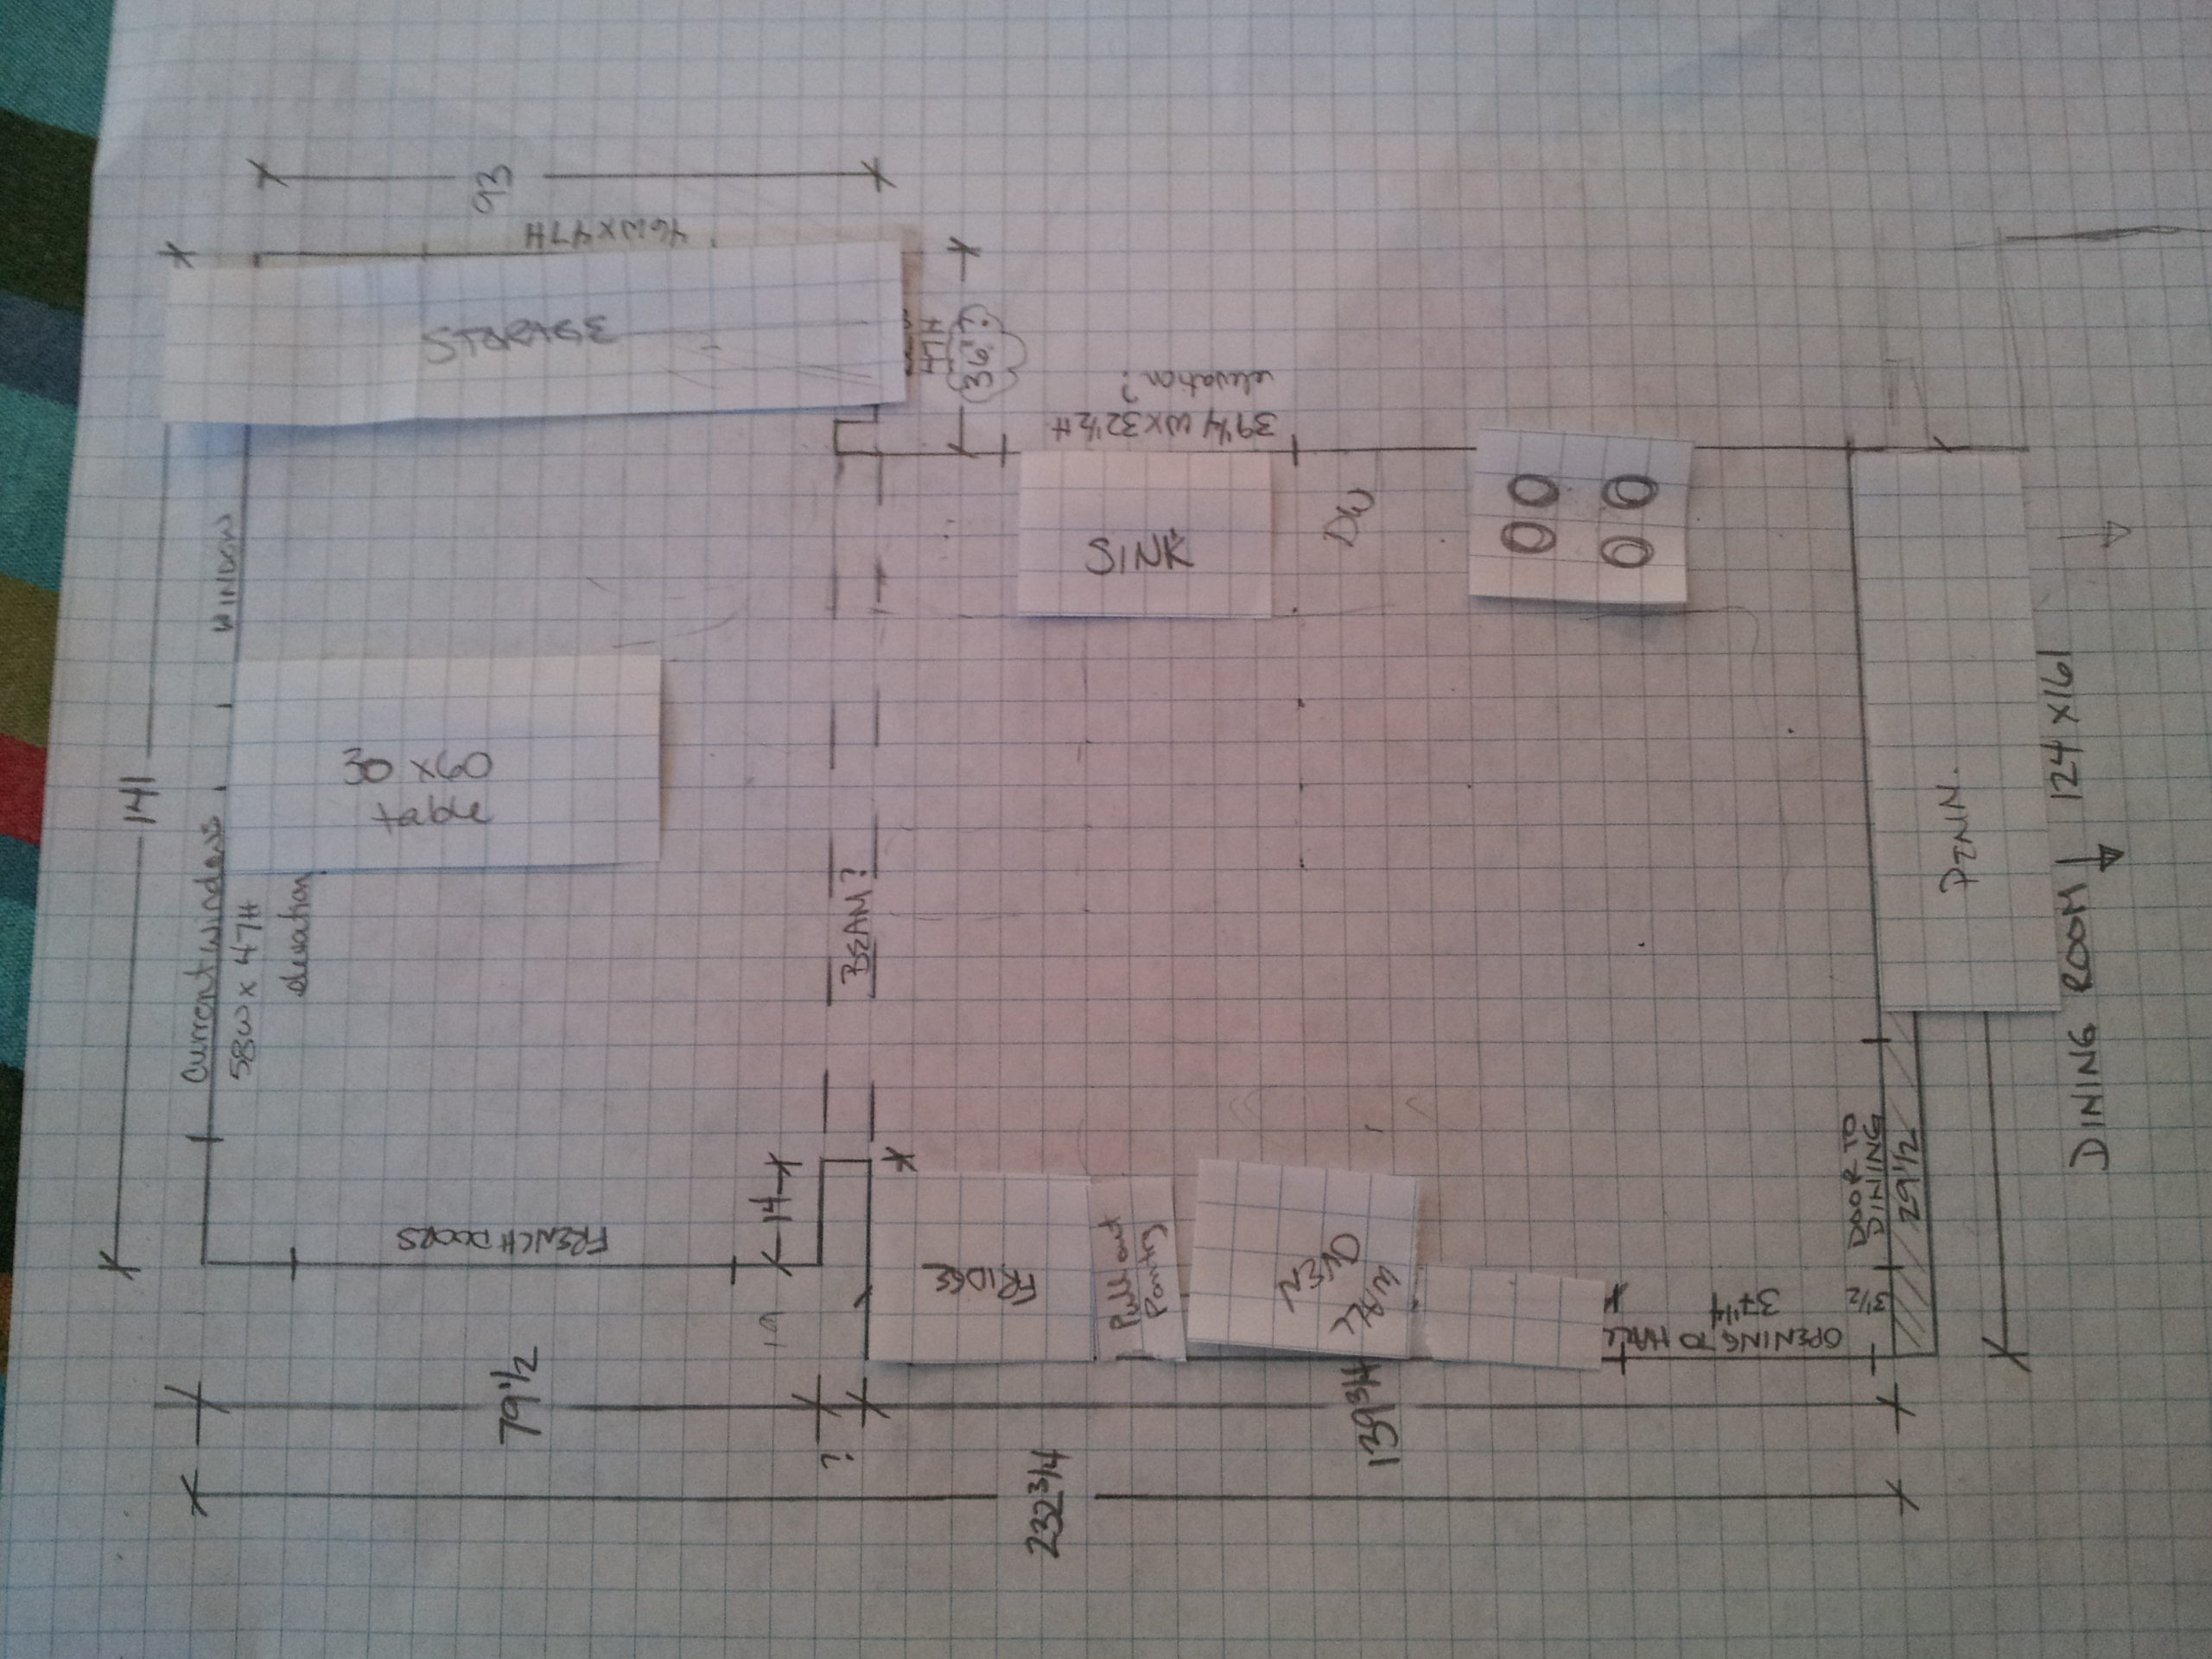 Kitchen layout on grid paper
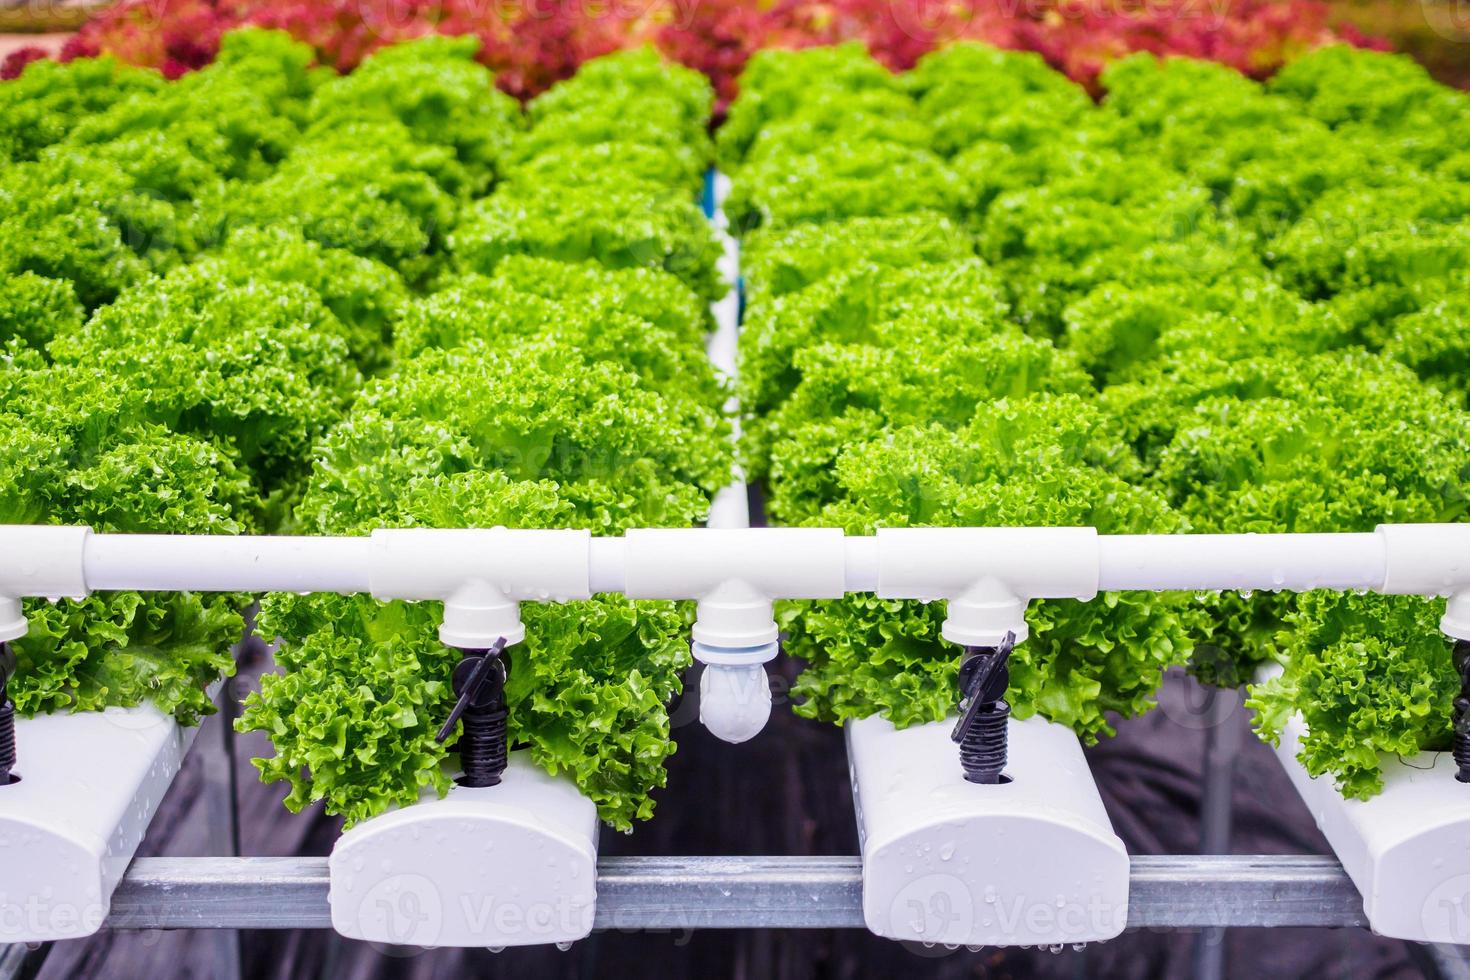 frische Bio-Grünblätter-Salatsalatpflanze im Hydroponik-Gemüse-Farmsystem foto
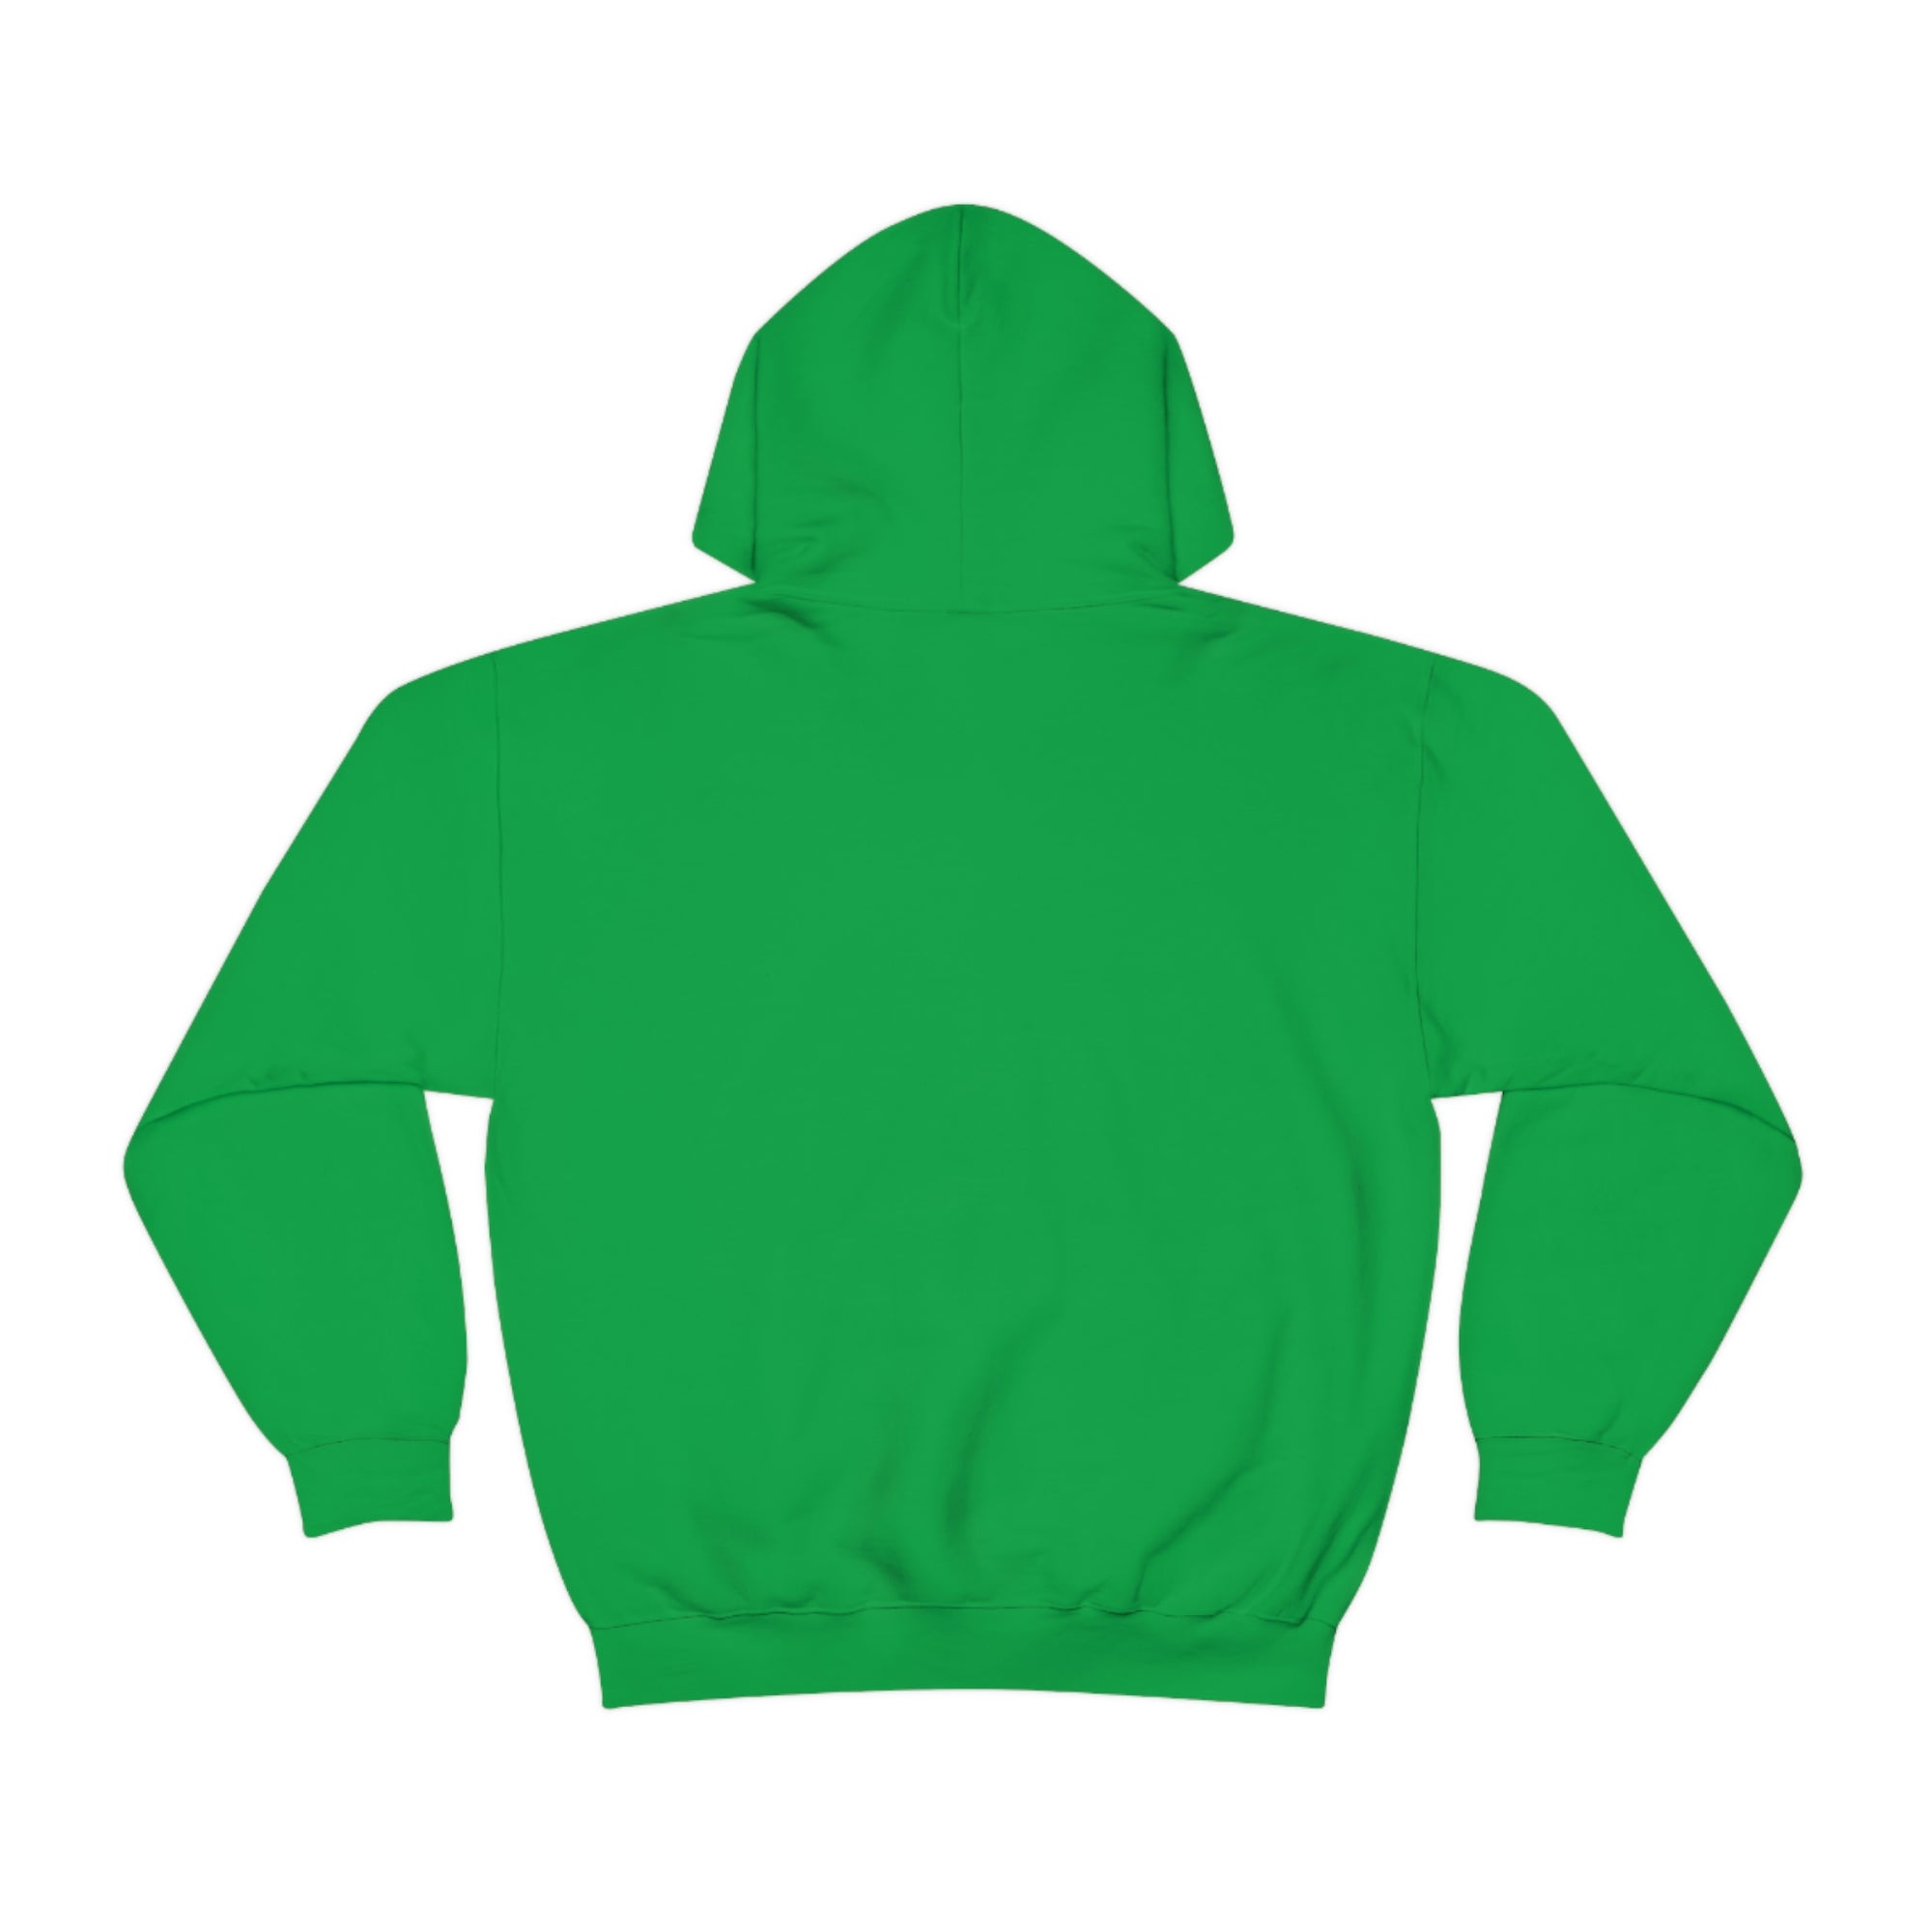  Back of the green Borg hooded sweatshirt

BRIEF: All that is required is an exact reproduction of the lines from the one containing "frische Bio-Grünblätter-Salatsalatpflanze im" to the final line of the listing above, pictures omitted.

SOLUTION TO THE EXERCISE:
 frische Bio-Grünblätter-Salatsalatpflanze im Hydroponik-Gemüse-Farmsystem foto
  Back of the green Borg hooded sweatshirt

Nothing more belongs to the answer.